# 3B vs. AAN



## Asphalt Unlimited (May 24, 2008)

Ok so i plan on getting an already factory turboed 5cyl 20v (3B or AAN) and rebuild it on the bench, and then swap it into my '90 90Q 20v N/A, so that i have minimal down time with my car.
I've been doing research and the only big difference it seems between the 3B engine and the AAN engine is that the 3B is distributer and the AAN is coiled. Is it possible to make the AAN distributer without changing much over? because the 3B is a one year run motor over here in the US, and the AAN seems more easily obtainable. I'd like to keep my distributed ignition for now, because i'm not quite ready to go to a stand alone management yet. So if i find an AAN is it ok for a distributer?

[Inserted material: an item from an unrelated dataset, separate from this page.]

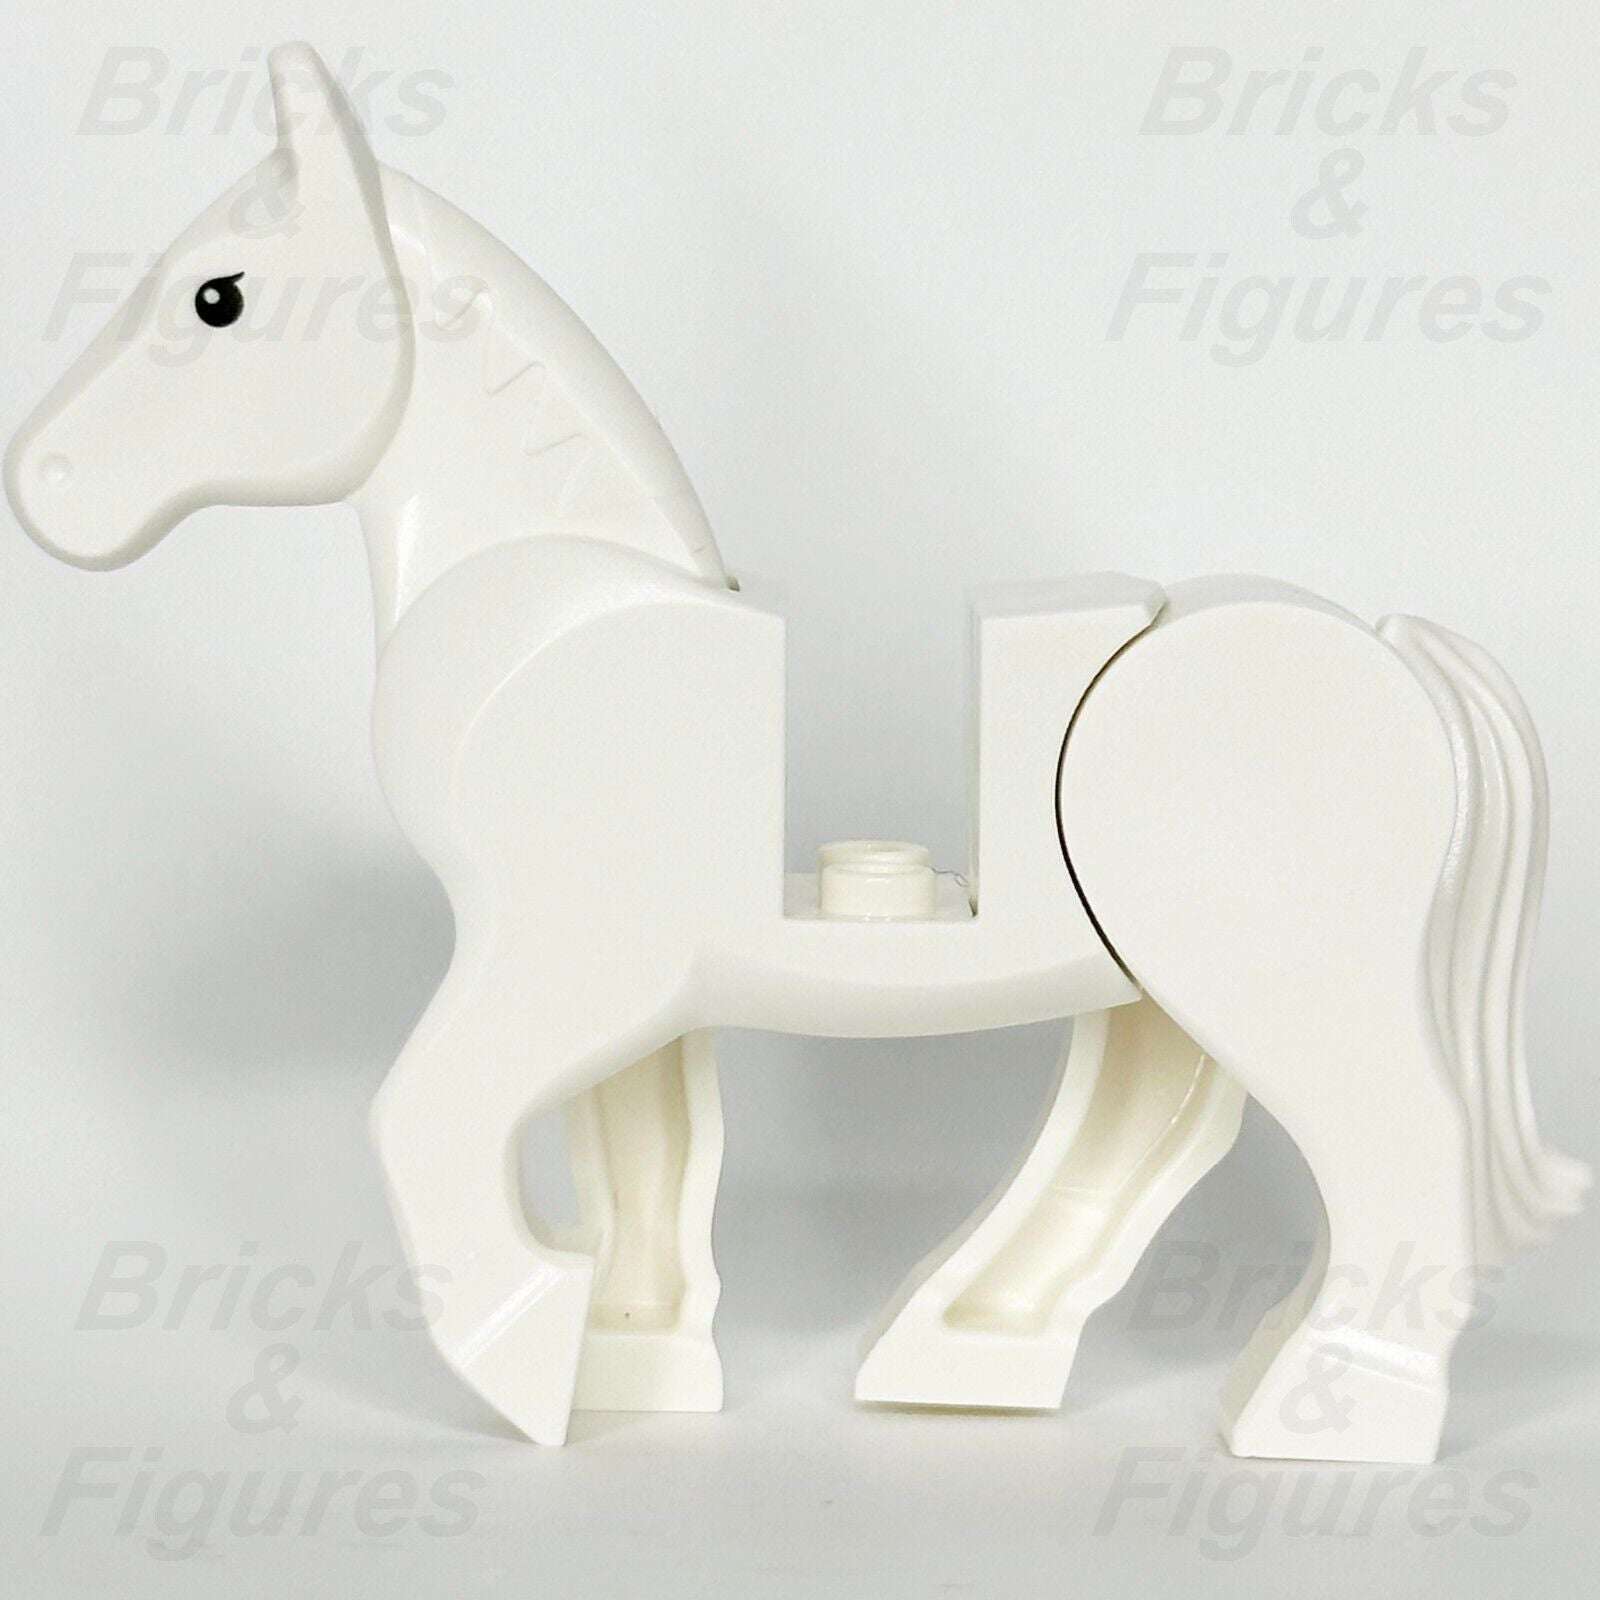 LEGO White Horse Minifigure Animal Part Movable Legs 76266 10352c01pb09 Minifig

Thanks.
-Shaun


----------



## WRC_4kqt (Jul 2, 2008)

*Re: 3B vs. AAN (Asphalt Unlimited)*

There are other differences. The oil pan and intake manifold on the AAN will give you trouble with the location of the radiator. Plus the AAN is a serpentine belt vs. v-belt. If you use the oil pan from your 7A and get either a 034 intake manifold, 3B manifold, or modify the AAN manifold the AAN will fit much easier.
Since you will need the ecu from the engine you swap in just stick with coils if you go with the AAN or distributor for the 3B. You won't need standalone to run the AAN as intended just a factory AAN ecu. Making an AAN a distributor motor is a step backwards and will be a lot of work.


----------



## Asphalt Unlimited (May 24, 2008)

*Re: 3B vs. AAN (WRC_4kqt)*

So i can take an AAN and put a 3B style intake on it so i don't have to worry about radiator interferance?


----------



## WRC_4kqt (Jul 2, 2008)

*Re: 3B vs. AAN (Asphalt Unlimited)*

If you do that I believe you will need to swap out the valve cover for a 3B or 7A, but then you will need different coils. You might also run into trouble with the fuel rail mounting, not sure on the fuel rail, it might fit fine.
The simplest, least swapped parts, would be to use the 034 manifold.


----------